FROM television dance programme contestants with two left feet to hapless Olympic ski jumpers, we Brits love an underdog.

After apparent no hopers, such as Farage and Trump, have gone on to score shock victories, is it possible for Jeremy Corbyn to add his name to the pantheon of political dark horse candidates who proved pollsters wrong?

Launching his election campaign the Labour leader stressed his outsider status, vowing to “overturn the rigged system” attacking the “cosy cartel” that runs British politics and insisting his party could defy “experts”.

This kind of anti-establishment rhetoric worked for the Trump and Brexit campaigns.

Labour strategists are clearly appropriating Vote Leave-style language to turn their leader’s underdog status – written off by Westminster and much of the media – to their advantage.

Mr Corbyn warned reporters not to dismiss his chances of victory, as he said they had done during the 2015 leadership contest. This was a fair point. He was a 200/1 outsider at the start of that campaign who went on to trounce his opponents, but the 2015 populist wave that swept him to power feels like a lifetime ago.

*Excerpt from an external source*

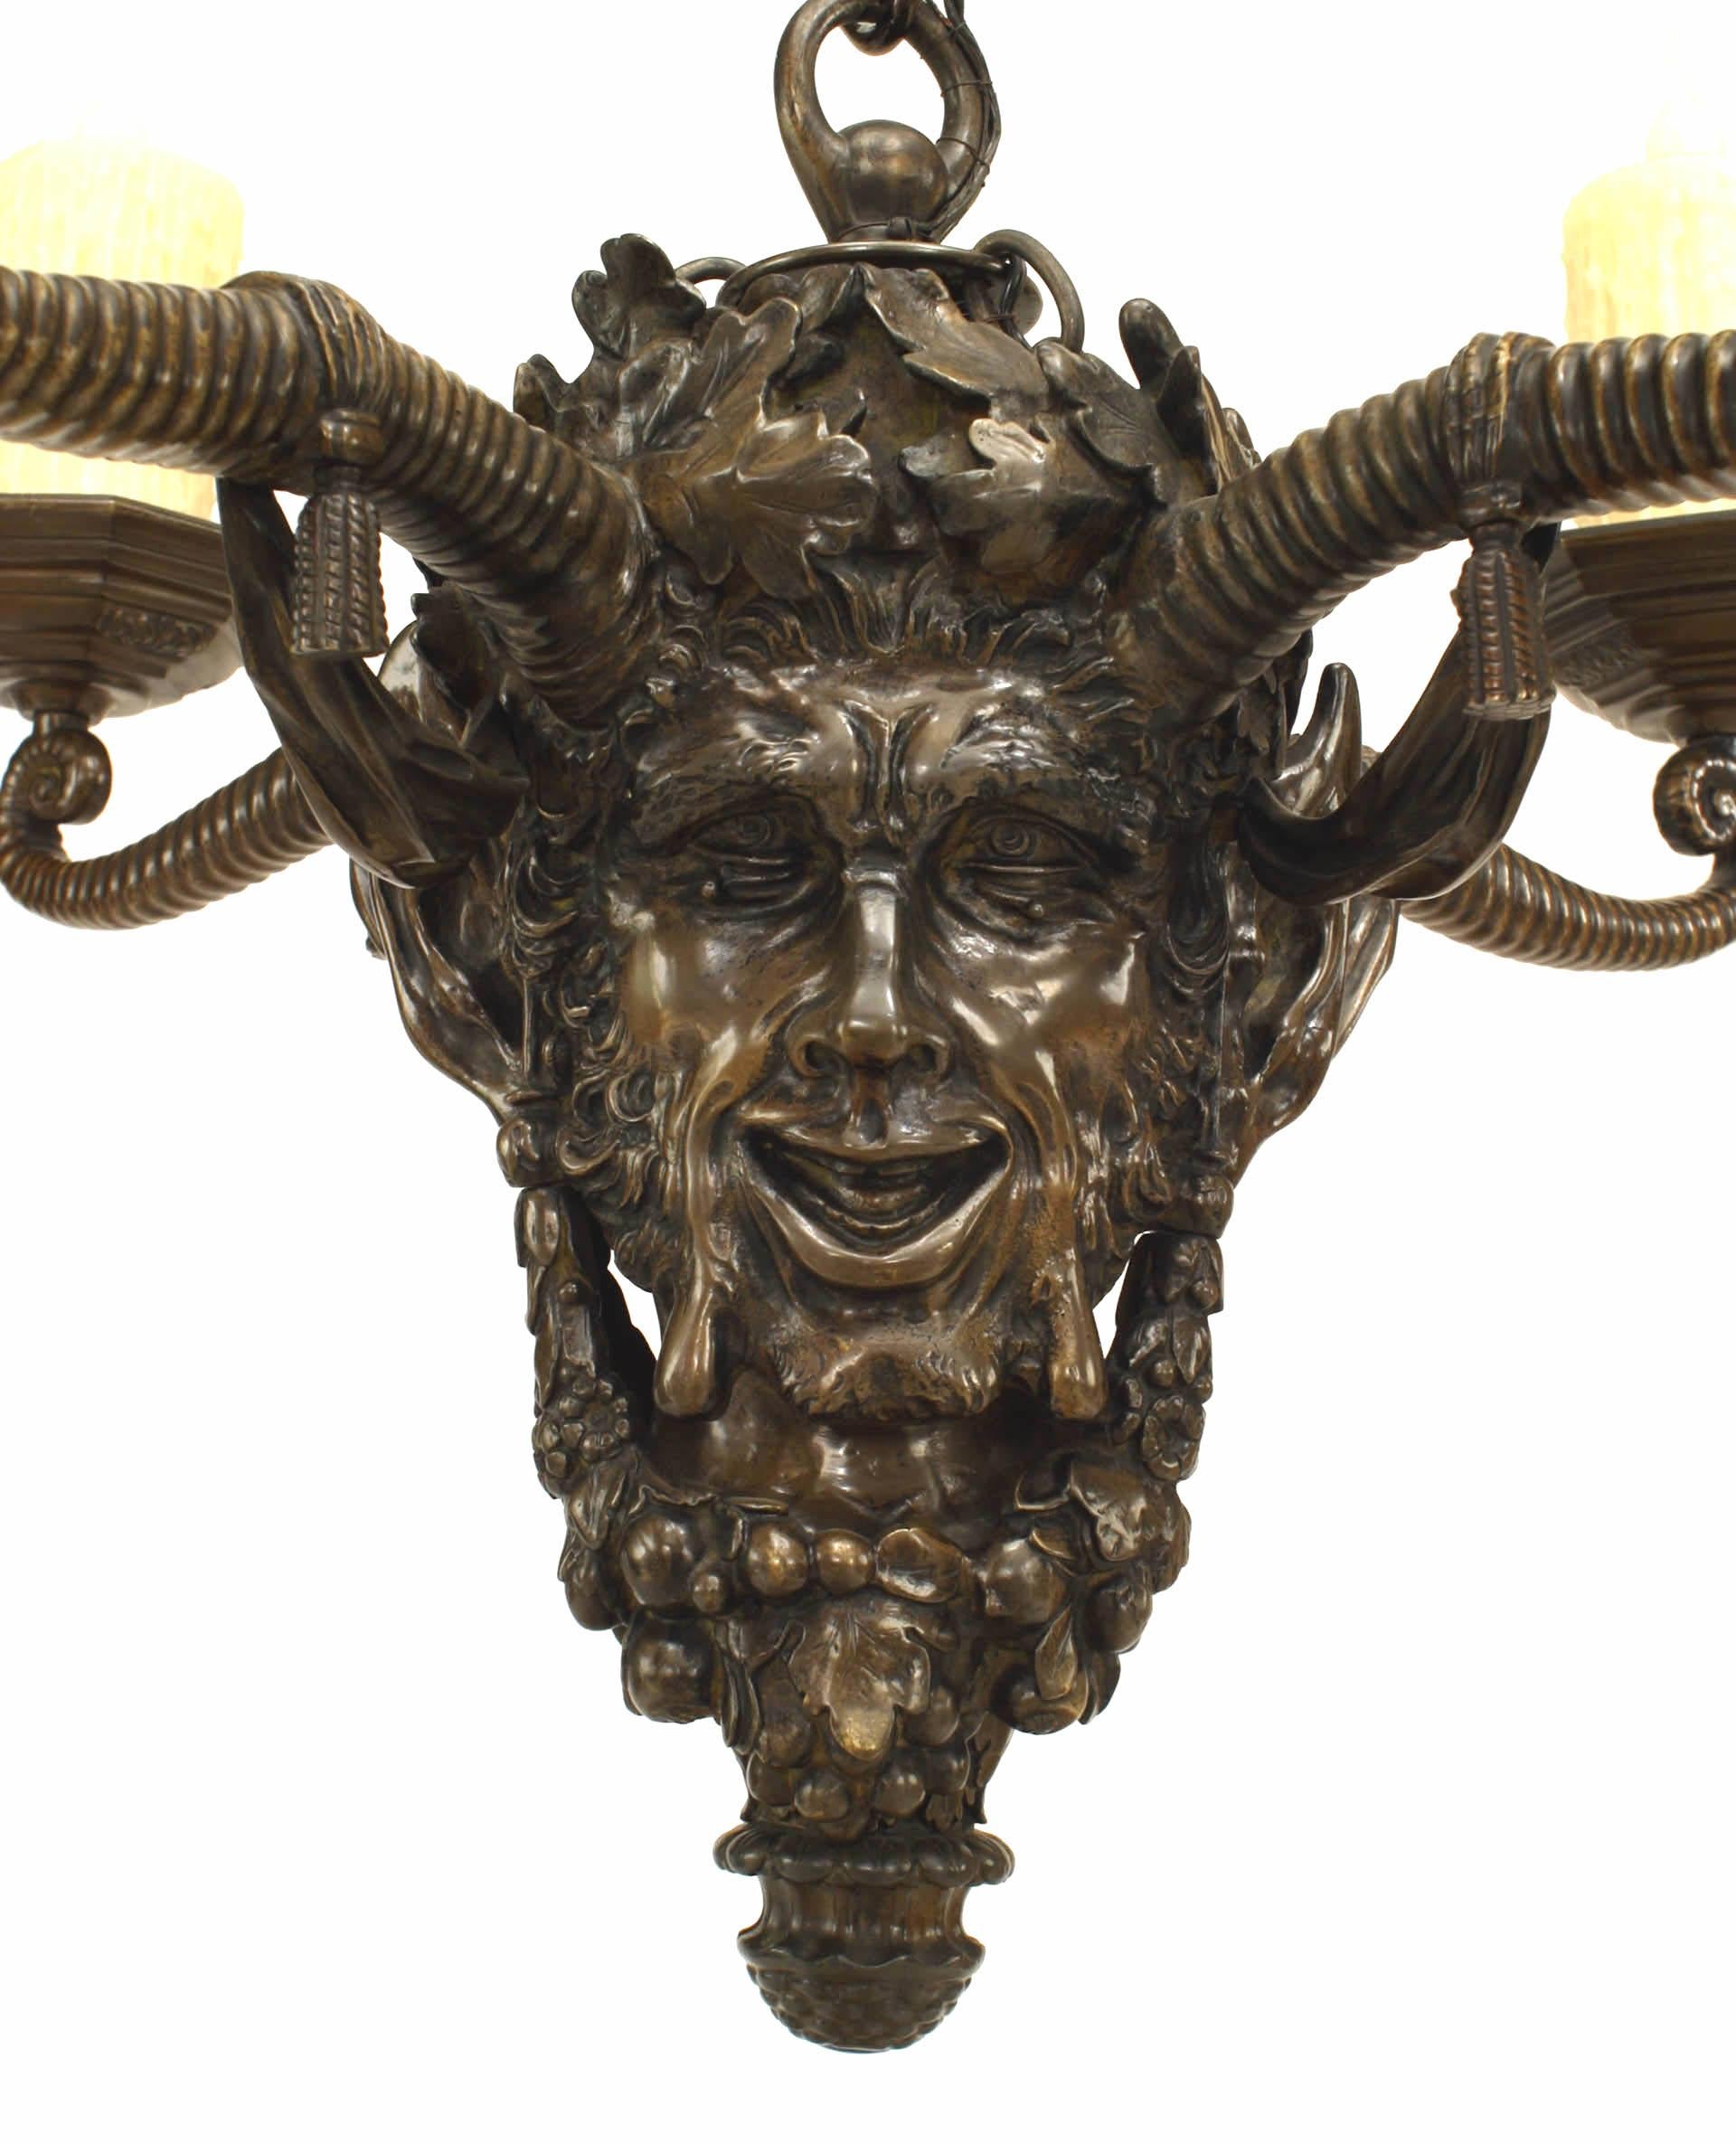 Englischer Kronleuchter aus Bronze im viktorianischen Stil (spätes 19. Jahrhundert) in Form eines mythologischen Kopfes mit Eichenlaubkrone und Girlanden und 4 fantasievollen Hornarmen. (23

When solid Labour figures, such as MPs Tom Blenkinsop and Iain Wright, are bailing out, perhaps fearful of embarrassing defeats in June, and seats in Darlington and Bishop Auckland look vulnerable, the challenge facing the party looks insurmountable.

Key issues in the campaign should be health and social care, tackling child poverty and improving job prospects – all matters on which Labour polls strongly. But the emboldened Conservatives, backed by national newspapers which will savage Mr Corbyn as they did Michael Foot and Neil Kinnock before him, will keep the focus on the leader’s perceived inadequacies and his fractured party.

If Labour wins in June it might well be the most unlikely underdog victory of them all.